The task: Take the lines in the listing below from the line with "instaplosion-19" up to and including the line with "Фамільне дерево або" and set them down exactly, skipping pictures and adding nothing.

Supplied data:
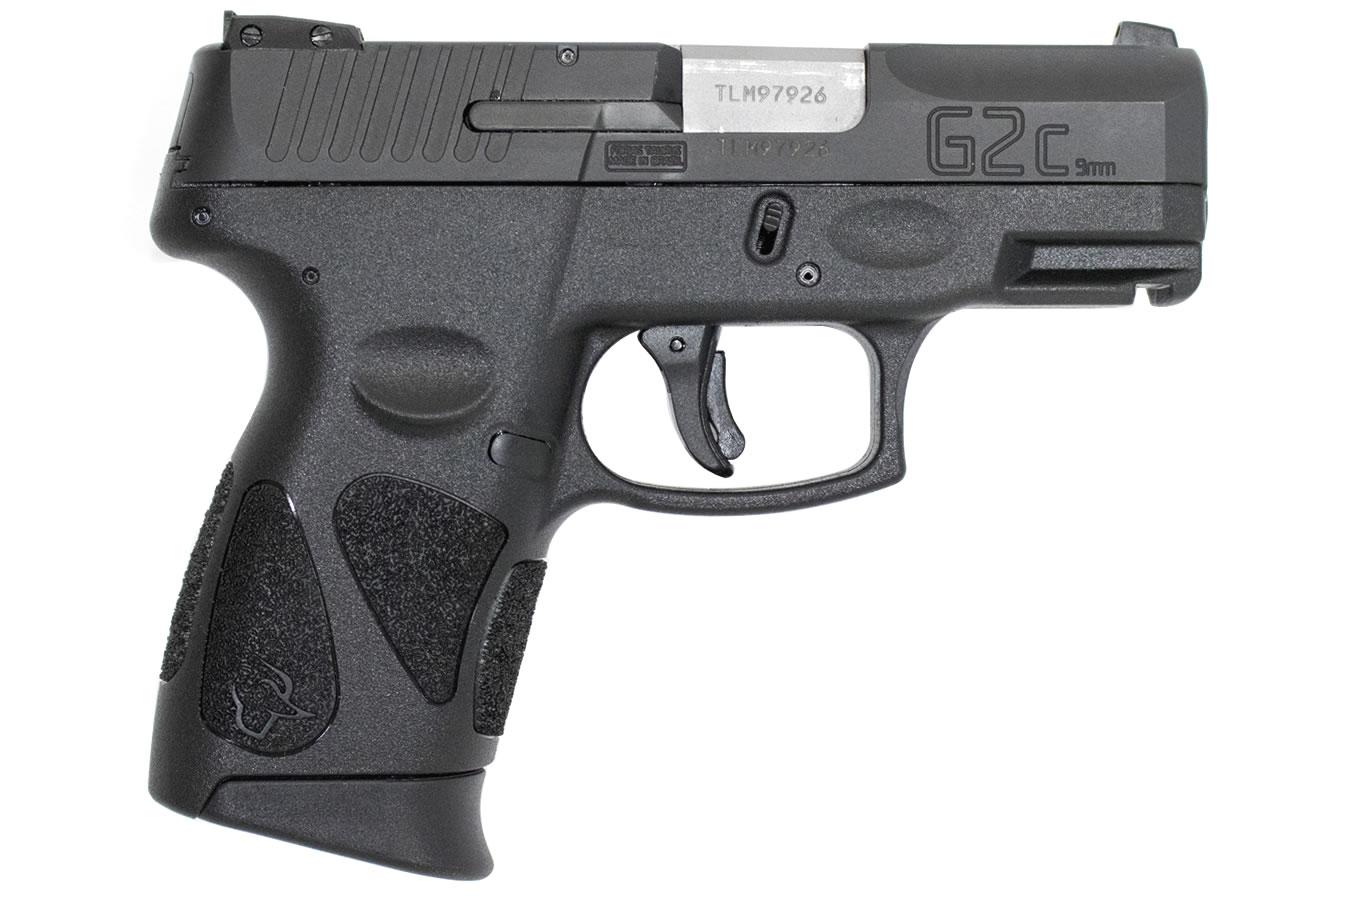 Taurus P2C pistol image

--

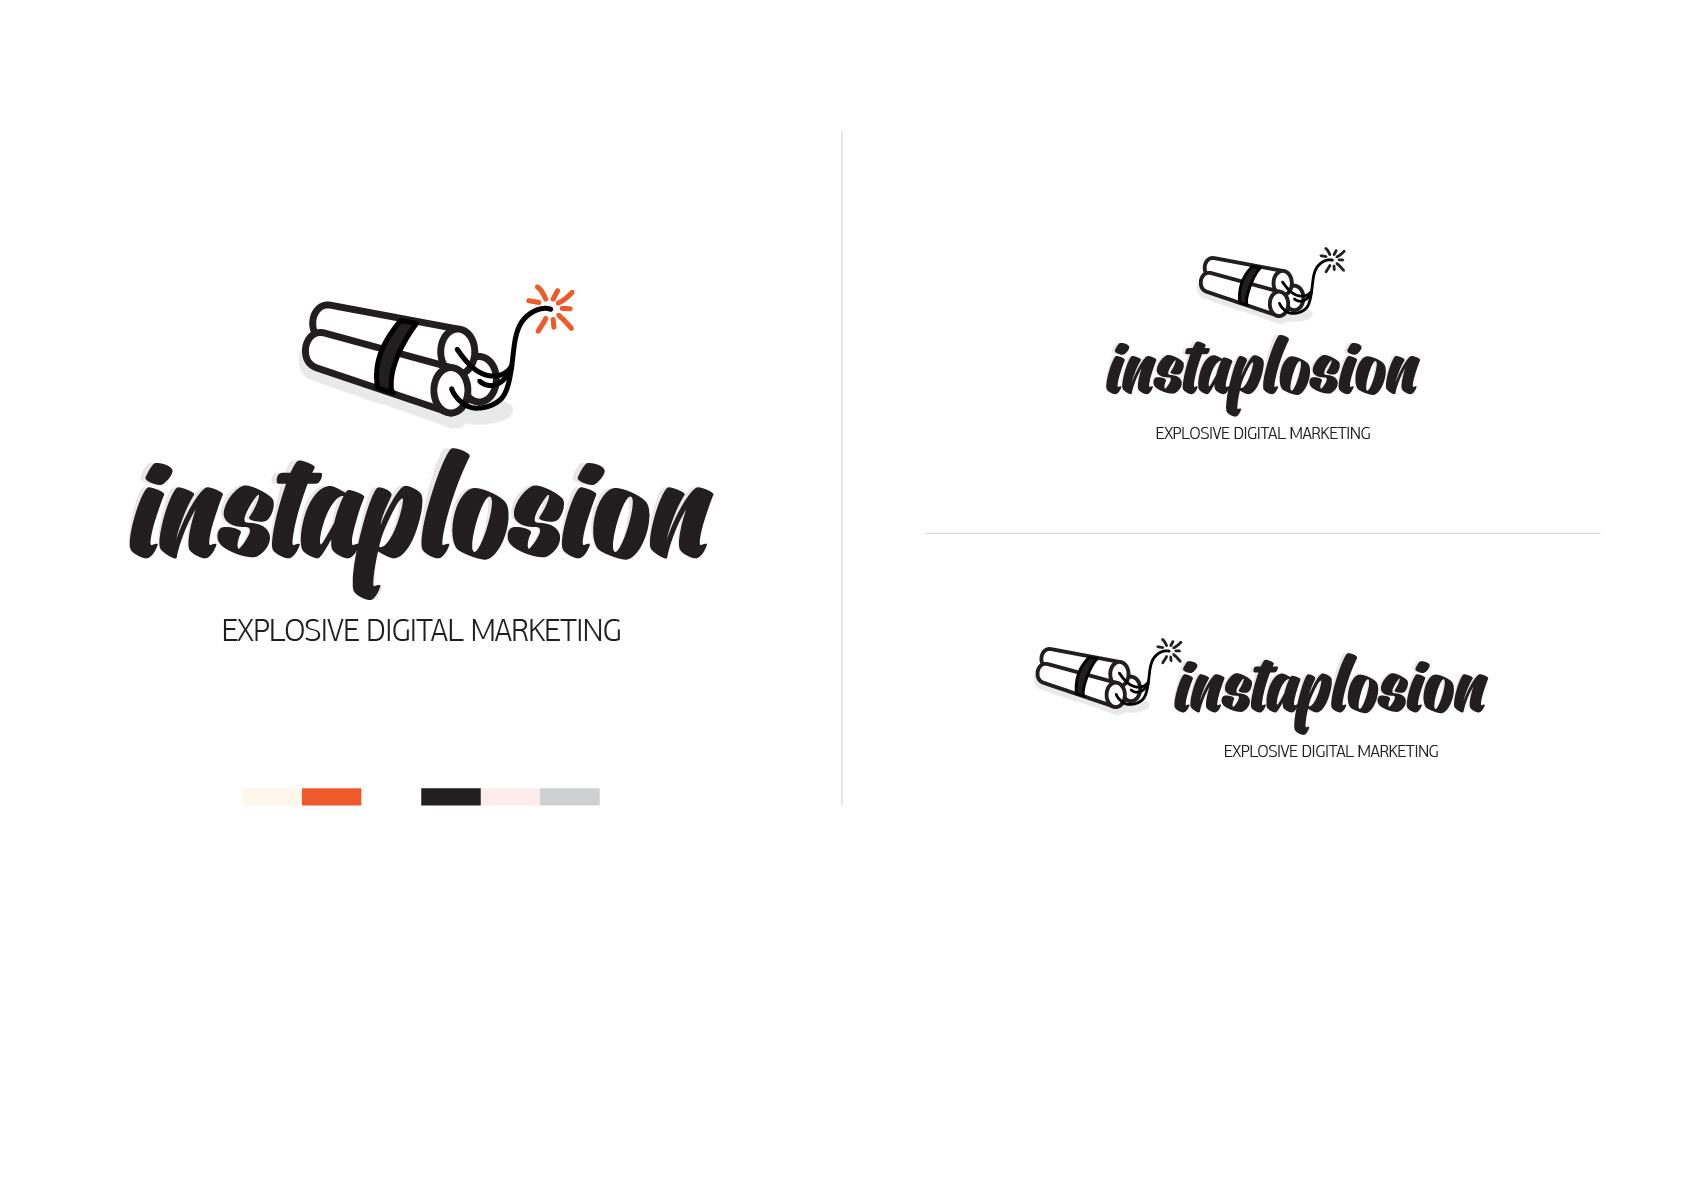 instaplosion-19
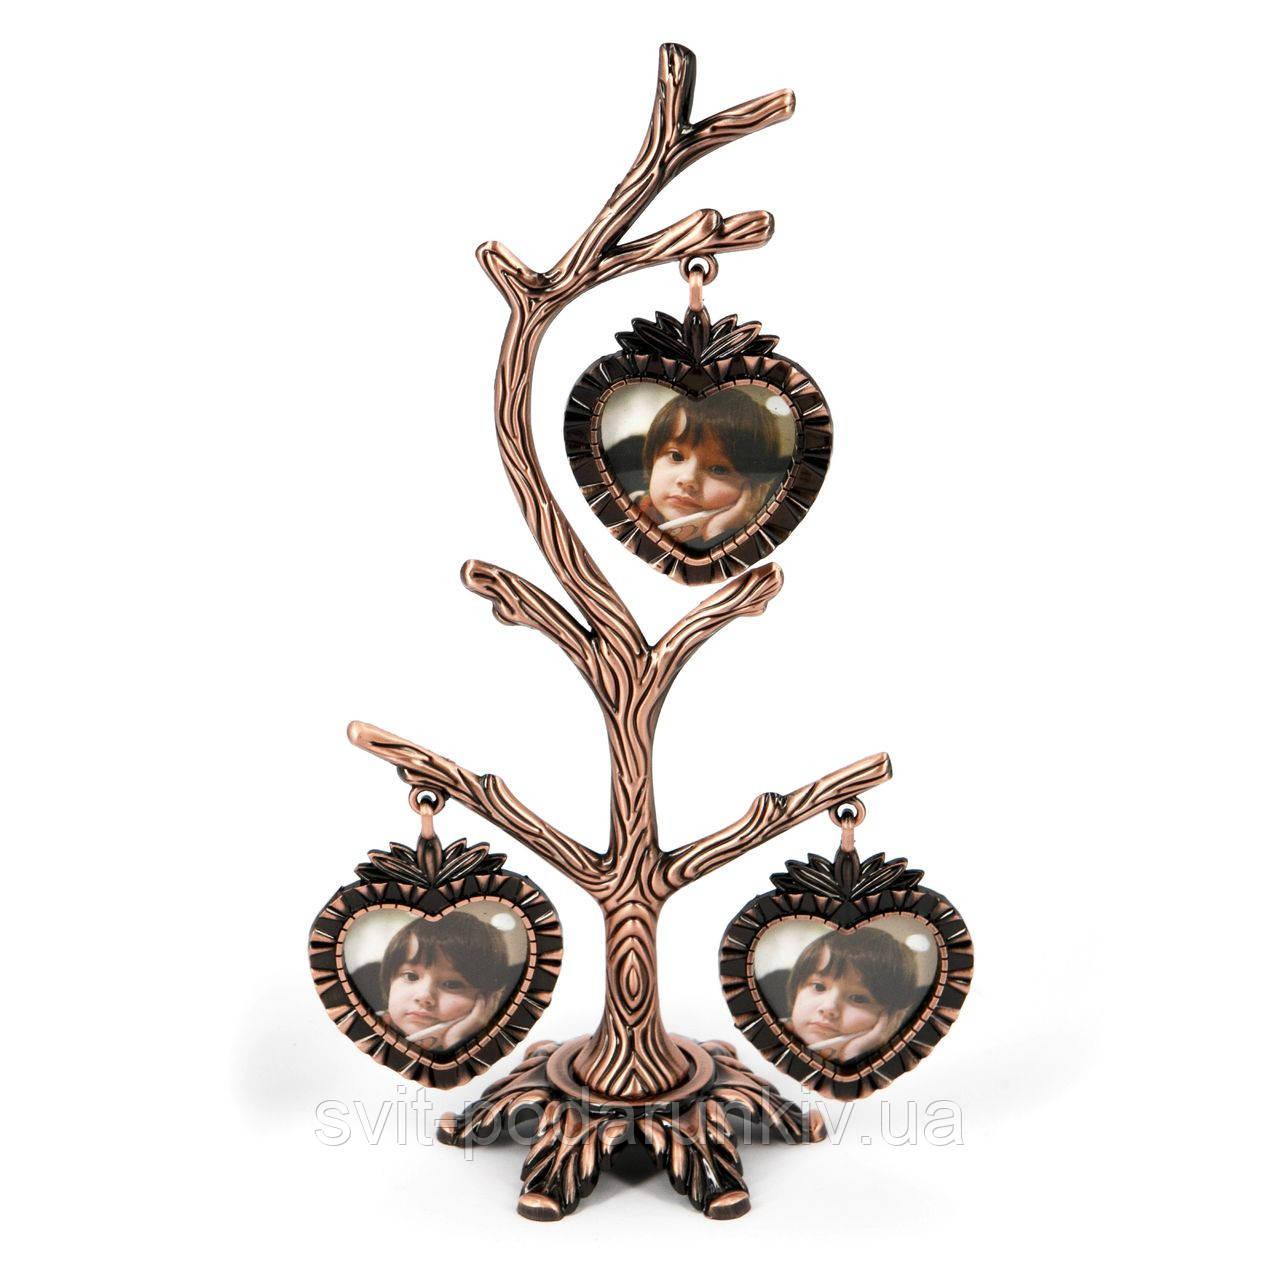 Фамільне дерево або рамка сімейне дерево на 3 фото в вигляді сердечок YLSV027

Result for this task:
 instaplosion-19
 Фамільне дерево або рамка сімейне дерево на 3 фото в вигляді сердечок YLSV027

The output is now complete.